In 1985, Bobby started working with Joe Lynn Turner and Fiona and played on both their CD's Rescue You and Fiona. He toured with Joe Lynn Turner and played guitar on  Fiona's sophomore record Beyond The Pale and her 2011 release Unbroken. He then played on Glen Burtnick's Talking in Code record and toured with him. He played guitar on Clarence Clemons Hero album and played the only guitar solo on the LP. In 1987, Messano was asked to tour on the Lou Gramm (Foreigner) "Ready or Not" tour in the U.S. and Germany. He also was putting the finishing touches on his 1989 Messano CD which was released by Strategic/Relativity in 1989. In 1990 Bobby toured Germany with Robin Beck.

Bobby Messano's first Contemporary Blues CD Dominion Roads was released on Ichiban/EMI Records in 1998. The label went bankrupt in 2002 and Messano put his material on the fledgling MP3.com.

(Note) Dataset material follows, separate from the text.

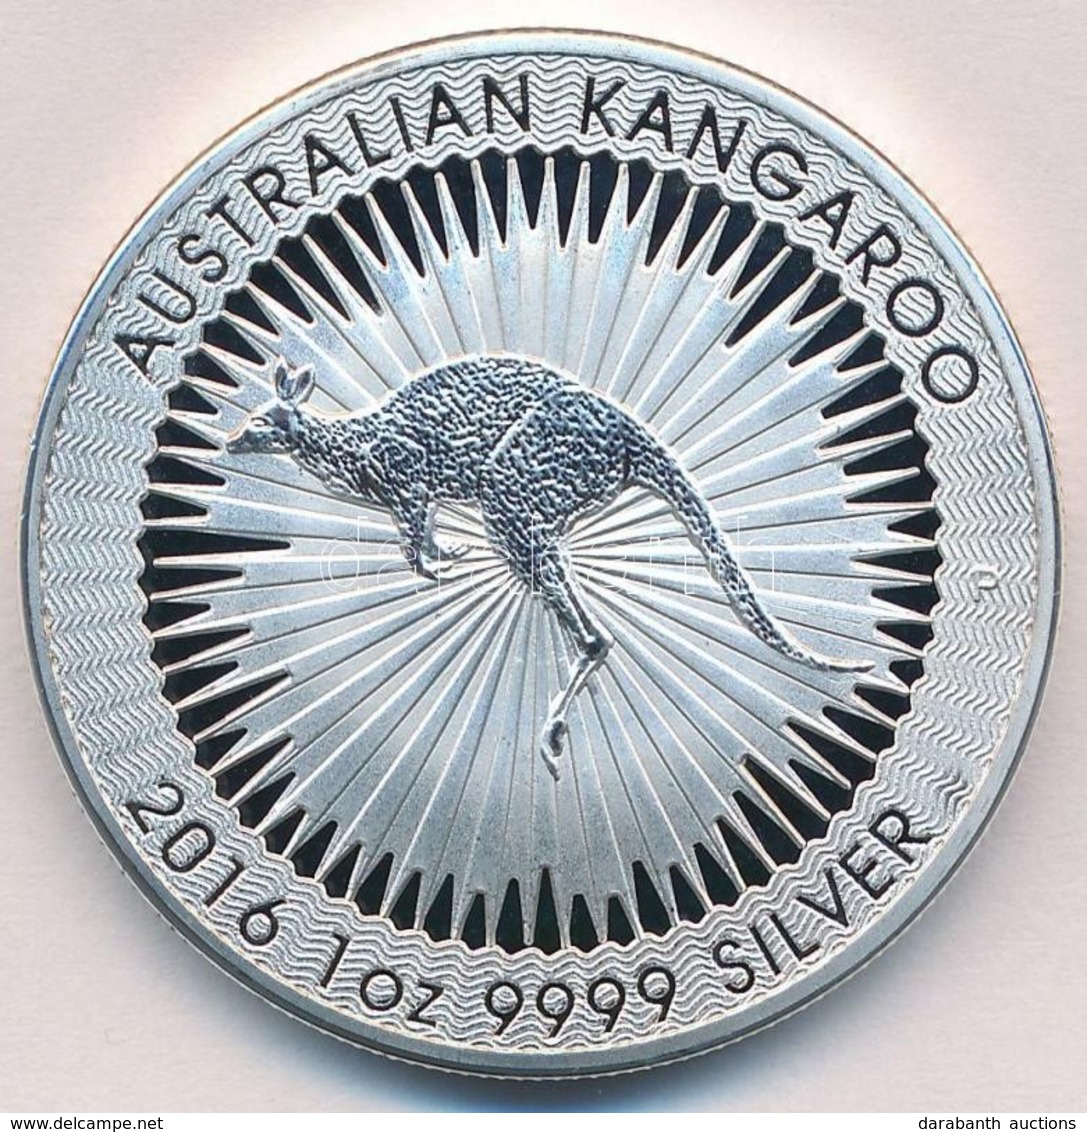 Ausztrália 2016. 1$ 'II. Erzsébet / Ausztrál Kenguru' (1oz/0.999) T:BU
Australia 2016. 1 Dollar 'Elisabeth II / Australi - Unclassified

He then released Dominion Roads as the retitled Holdin' Ground in 2004 on FishHead records, followed by Bobby Messano Live in Madison in 2008 on his own Prince Frog Records label that was distributed by CD Baby.

Messano was inducted into the Delaware Blues Hall of Fame in 2012 and That's Why I Don't Sing the Blues was the #1 U.S. release on the Blues Underground 2012 US Blues Rock Chart. Bobby continues to play live solo and band shows and continues to place  songs in TV and cable shows. COVID 19 has slowed his live shows down.

In July/August 2015 Love and Money was in Billboard Top 10 Blues Albums, for 6 weeks, reaching #1 on August 8. The album was also Top 50 on Three other Billboard Charts.

In August 2015 Bobby Messano Love & Money was nominated for a Blues Blast Award for Rock Blues Album of the Year

On April 15, 2017 Bad Movie was released and debuted at #1 on Sirius/XM B.B. King's Bluesville and stayed in the Top 40 on the Roots Music Charts Blues Rock Album Chart for 10 months.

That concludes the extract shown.